EXERCISE AIM - Please go line by line and repeat the data below exactly, with no images.

THE DATA -
━━━━━━━━

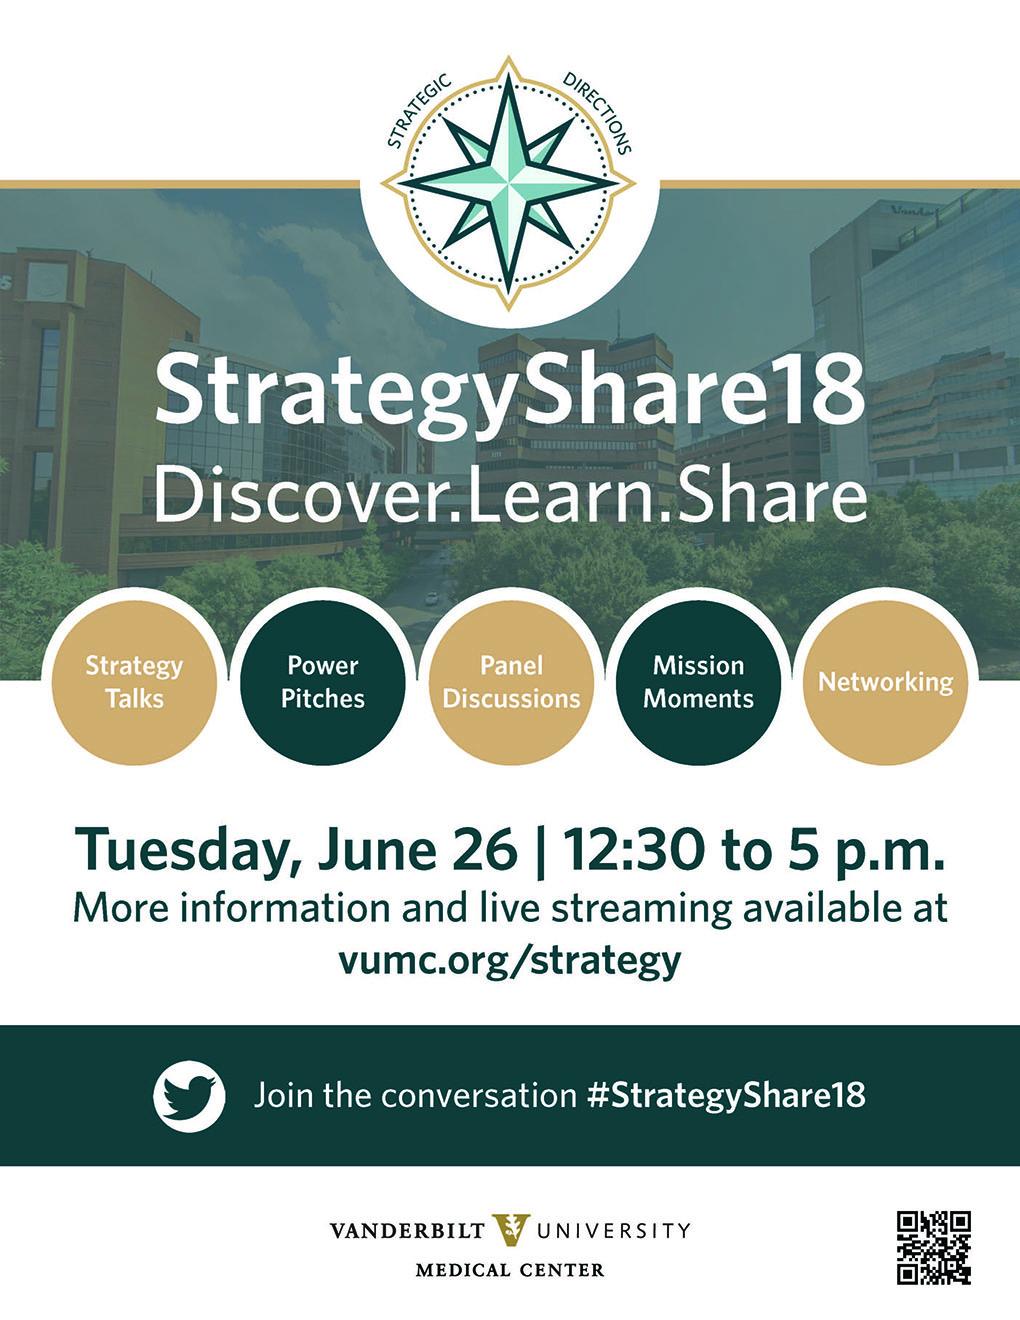 StrategyShare18 Flyer_Reporterv2_0.jpg
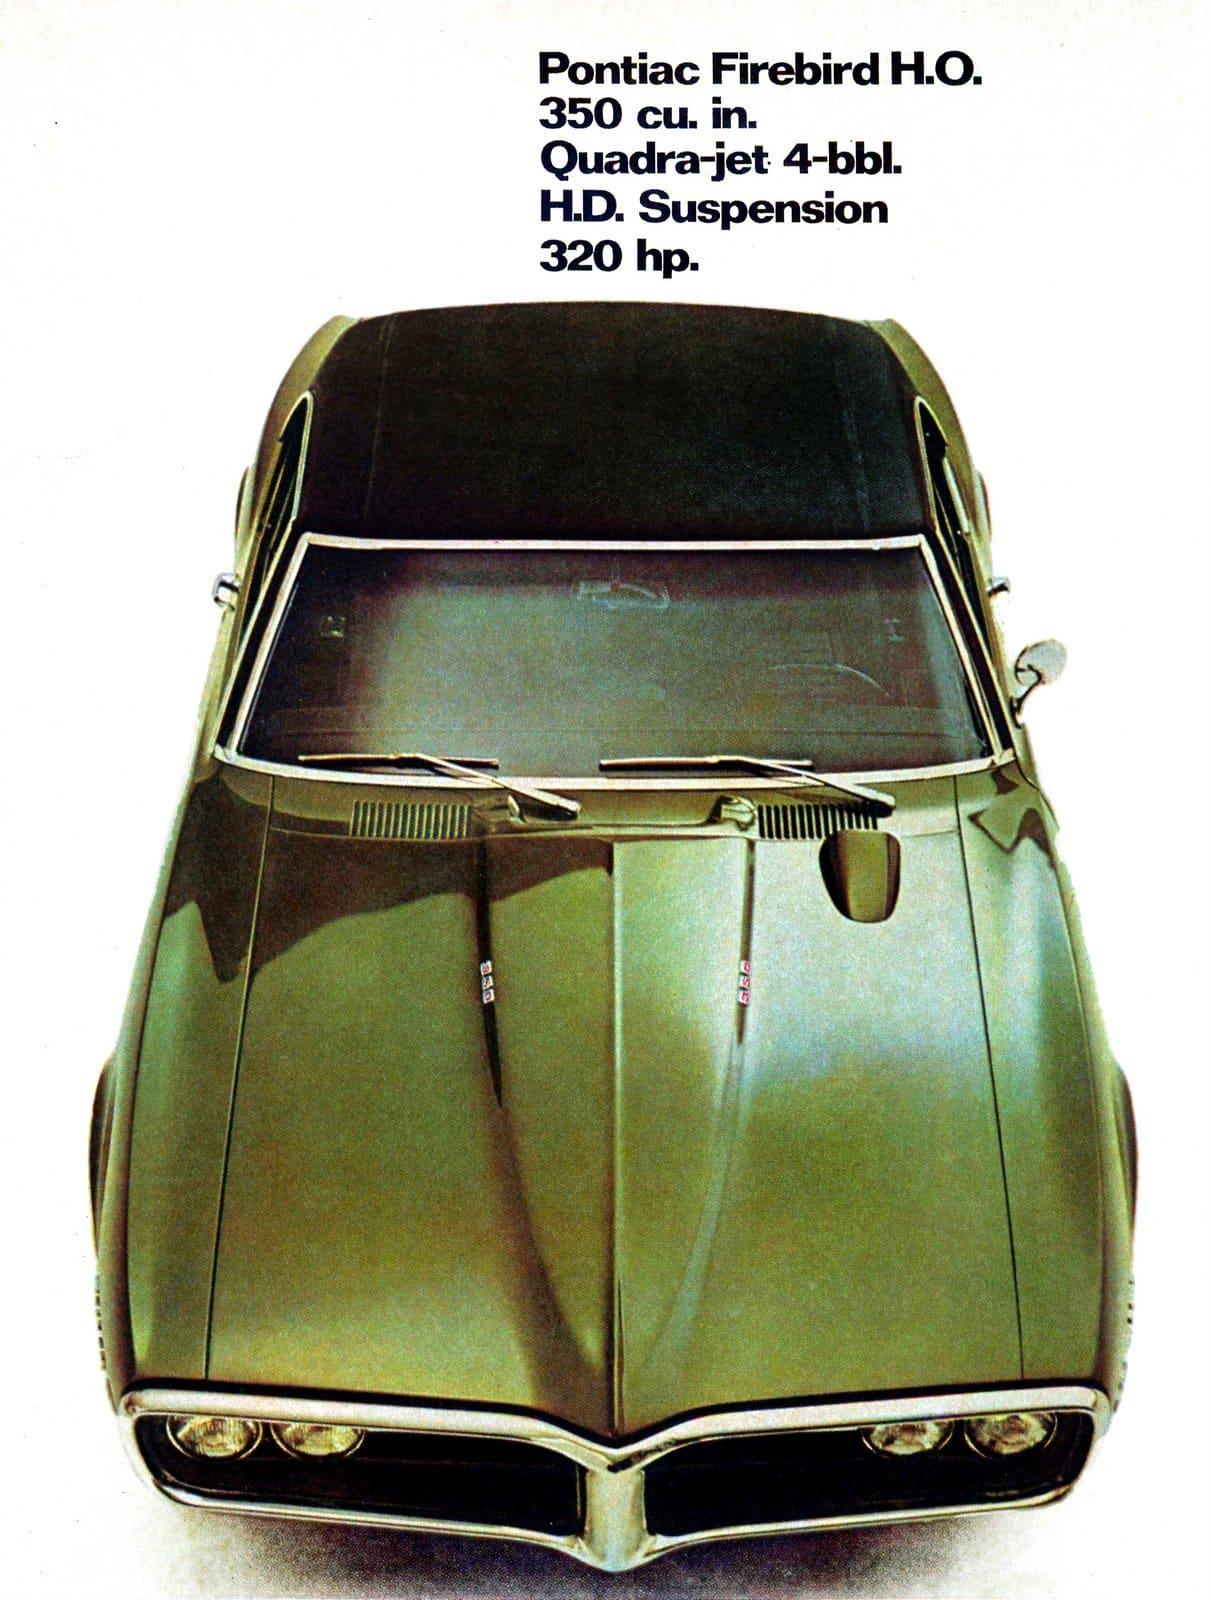 Pontiac Firebird HO from 1968
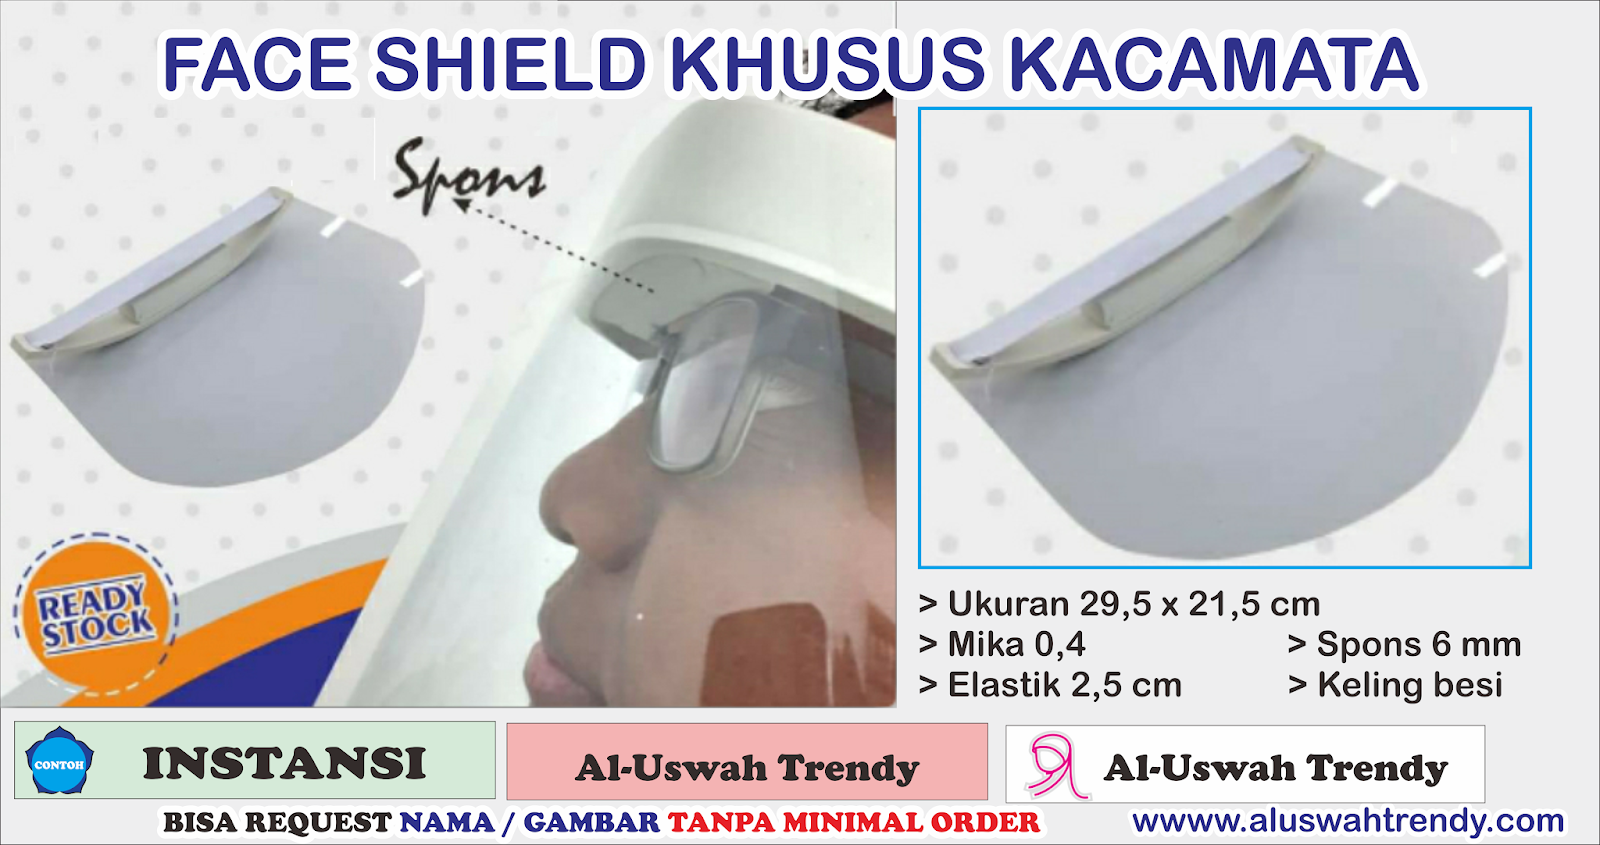 Face Shield Khusus Orang Ber kacamata

━━━━━━━━

COMPLETED TASK -
 StrategyShare18 Flyer_Reporterv2_0.jpg
 Pontiac Firebird HO from 1968
 Face Shield Khusus Orang Ber kacamata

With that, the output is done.